You should see similar results to the below. I currently have version 4.4.7 installed.

$ conda --version
conda 4.4.7

Update Version

conda can be updated by using conda’s update argument, like below.

$ conda update conda

This command will update to conda to the most current release.

Proceed ([y]/n)? y

Downloading and Extracting Packages
conda 4.4.8: ########################################################### | 100%
openssl 1.0.2n: ######################################################## | 100%
certifi 2018.1.18: ##################################################### | 100%
ca-certificates 2017.08.26: ############################################ | 100%
Preparing transaction: done
Verifying transaction: done
Executing transaction: done

By running the version argument again, we see that my version was updated to 4.4.8, which is the newest release of the tool.

$ conda --version
conda 4.4.8

Creating a new Environment

To create a new virtual environment, you run the series of commands below.

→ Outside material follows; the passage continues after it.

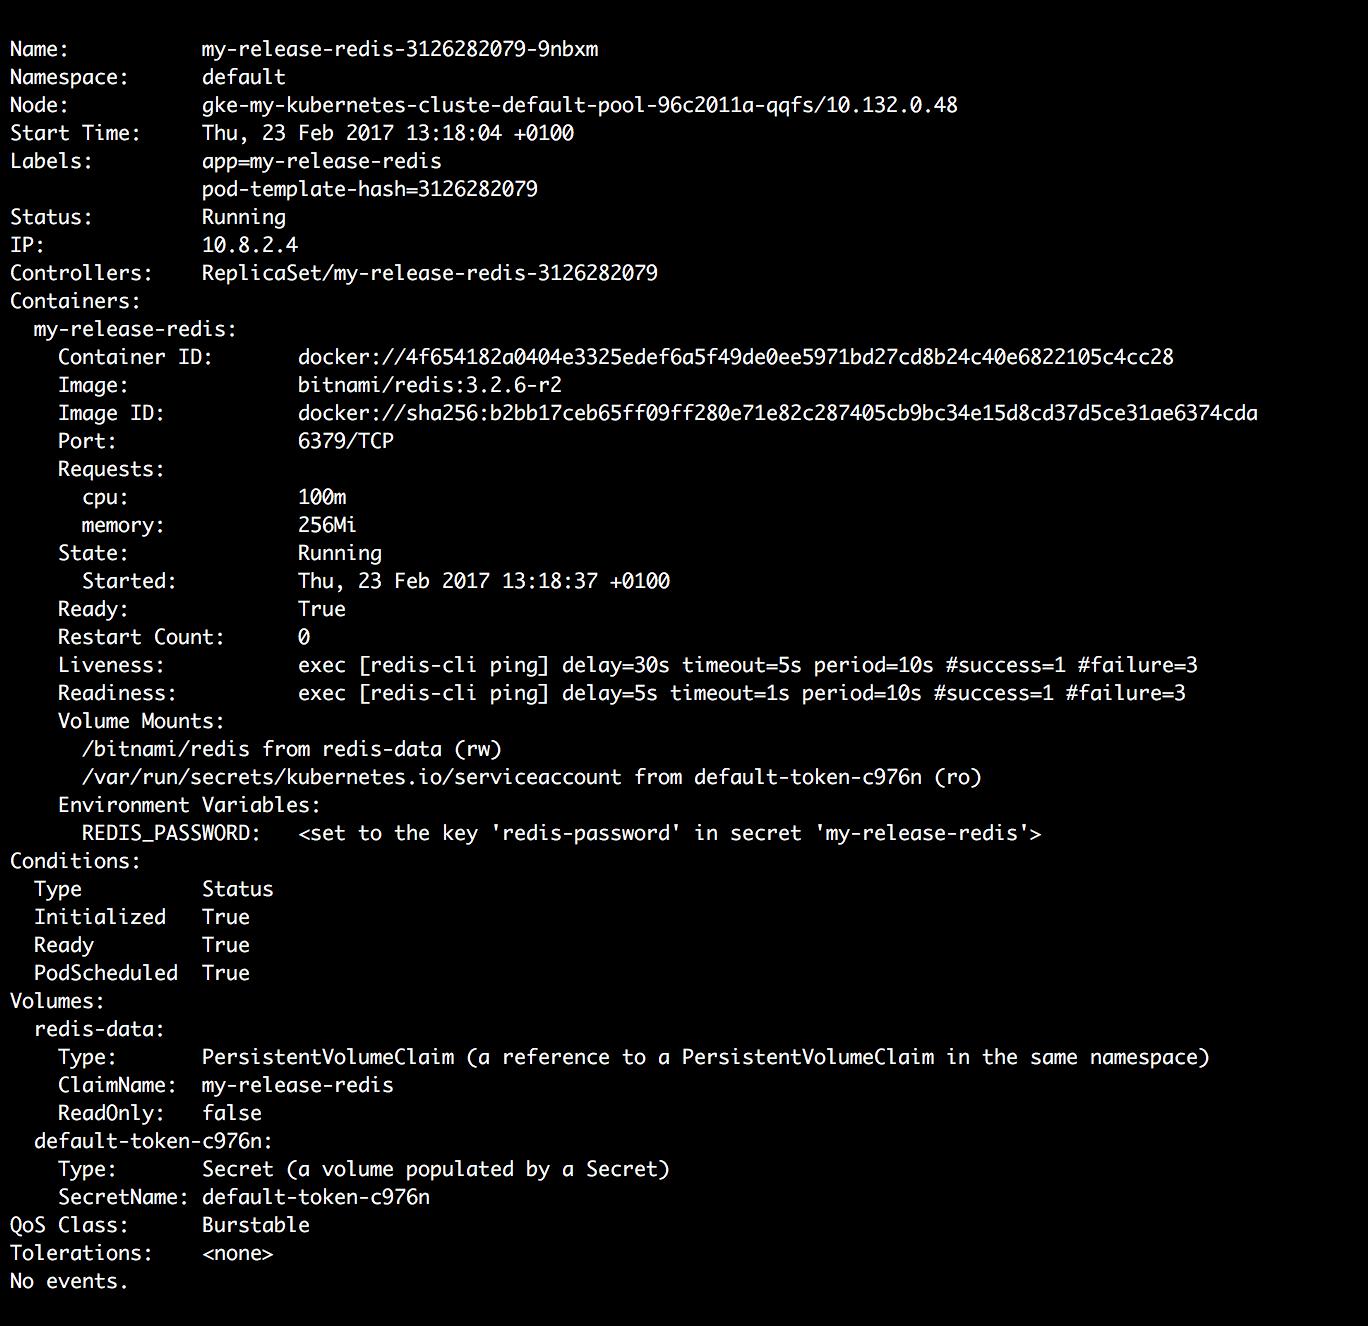 Check Kubernetes node info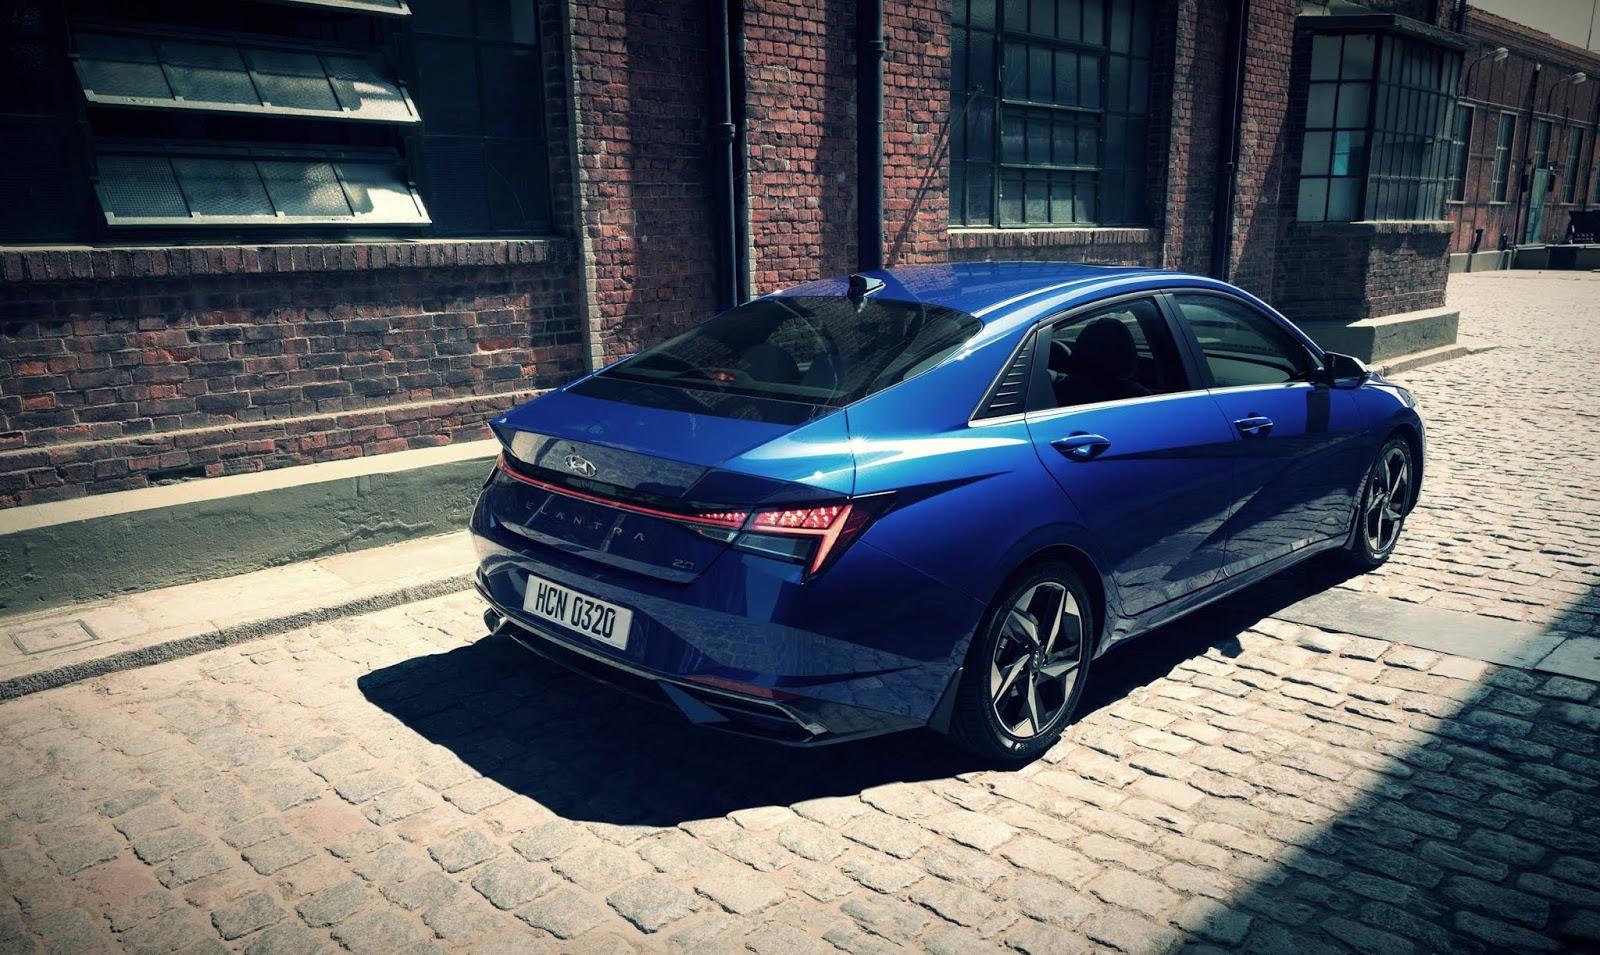 Hyundai Motor Company Introduced the new Hyundai Elantra:

$ conda create -n tutorialConda python=3
$ Proceed ([y]/n)? y

You can see the packages that are installed into your new environment below.

Downloading and Extracting Packages
certifi 2018.1.18: ##################################################### | 100%
sqlite 3.22.0: ######################################################### | 100%
wheel 0.30.0: ########################################################## | 100%
tk 8.6.7: ############################################################## | 100%
readline 7.0: ########################################################## | 100%
ncurses 6.0: ########################################################### | 100%
libcxxabi 4.0.1: ####################################################### | 100%
python 3.6.4: ########################################################## | 100%
libffi 3.2.1: ########################################################## | 100%
setuptools 38.4.0: ##################################################### | 100%
libedit 3.1: ########################################################### | 100%
xz 5.2.3: ############################################################## | 100%
zlib 1.2.11: ########################################################### | 100%
pip 9.0.1: ############################################################# | 100%
libcxx 4.0.1: ########################################################## | 100%
Preparing transaction: done
Verifying transaction: done
Executing transaction: done
#
# To activate this environment, use:
# > source activate tutorialConda
#
# To deactivate an active environment, use:
# > source deactivate
#

Activation

Much like virtualenv, you must activate your newly created environment.  The command below will activate your environment on Linux.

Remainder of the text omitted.